Saturday, March 16, 2013

Hope for the House Progressive Caucus Plan?

Business Insider's Sequester Poll: Respondents Buck Party Trends from a couple of weeks ago is the most encouraging thing I've read in a while.

"The poll asked participants to consider the core points of three sequester replacement proposals in Congress, without telling them the partisan affiliation of those plans. It found that in some cases, both Democrats and Republicans actually opposed their own party's plans and/or backed their adversaries' proposal."
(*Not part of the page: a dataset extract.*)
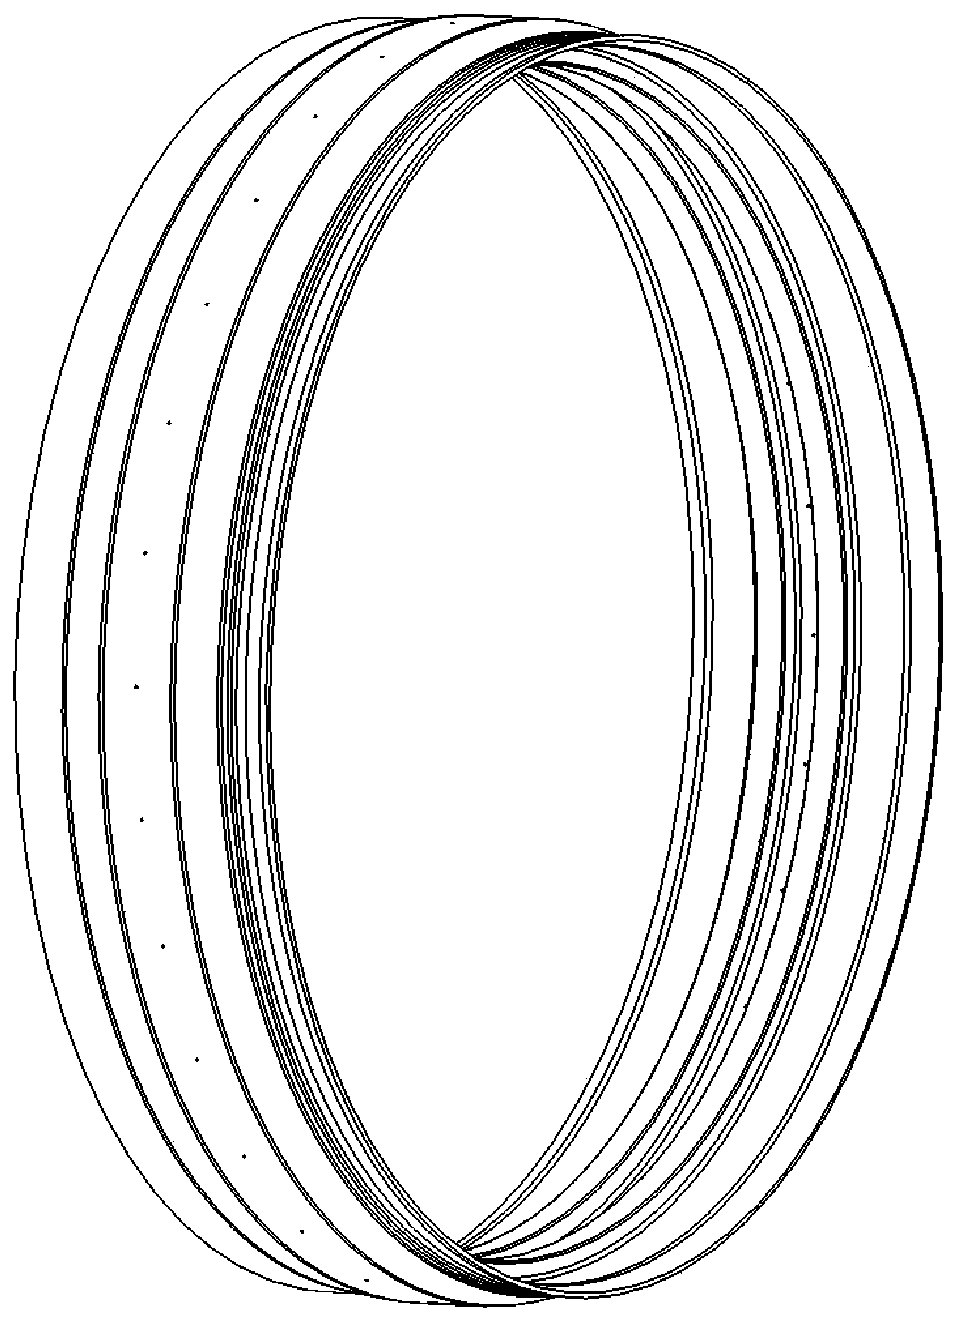 Combined-type cooling seal structure for high-pressure turbine rotor exterior ring

"Surprisingly, the plan that polled the strongest was the House Progressive Caucus plan. More than half of respondents supported it compared to sequestration and just a fifth of respondents were opposed…Shockingly, 47 percent of Republicans preferred the House Progressive plan to the sequester. This means that Republicans supported the House Progressive plan just as much as they supported their own party's plan."

As Krugman says of the plan, "I’ve seen some people describe the caucus proposal as a “Ryan plan of the left,” but that’s unfair. There are no Ryan-style magic asterisks, trillion-dollar savings that are assumed to come from unspecified sources; this is an honest proposal. And “Back to Work” rests on solid macroeconomic analysis, not the fantasy “expansionary austerity” economics — the claim that slashing spending in a depressed economy somehow promotes job growth rather than deepening the depression — that Mr. Ryan continues to espouse despite the doctrine’s total failure in Europe.

No, the only thing the progressive caucus and Mr. Ryan share is audacity. And it’s refreshing to see someone break with the usual Washington notion that political “courage” means proposing that we hurt the poor while sparing the rich. No doubt the caucus plan is too audacious to have any chance of becoming law; but the same can be said of the Ryan plan."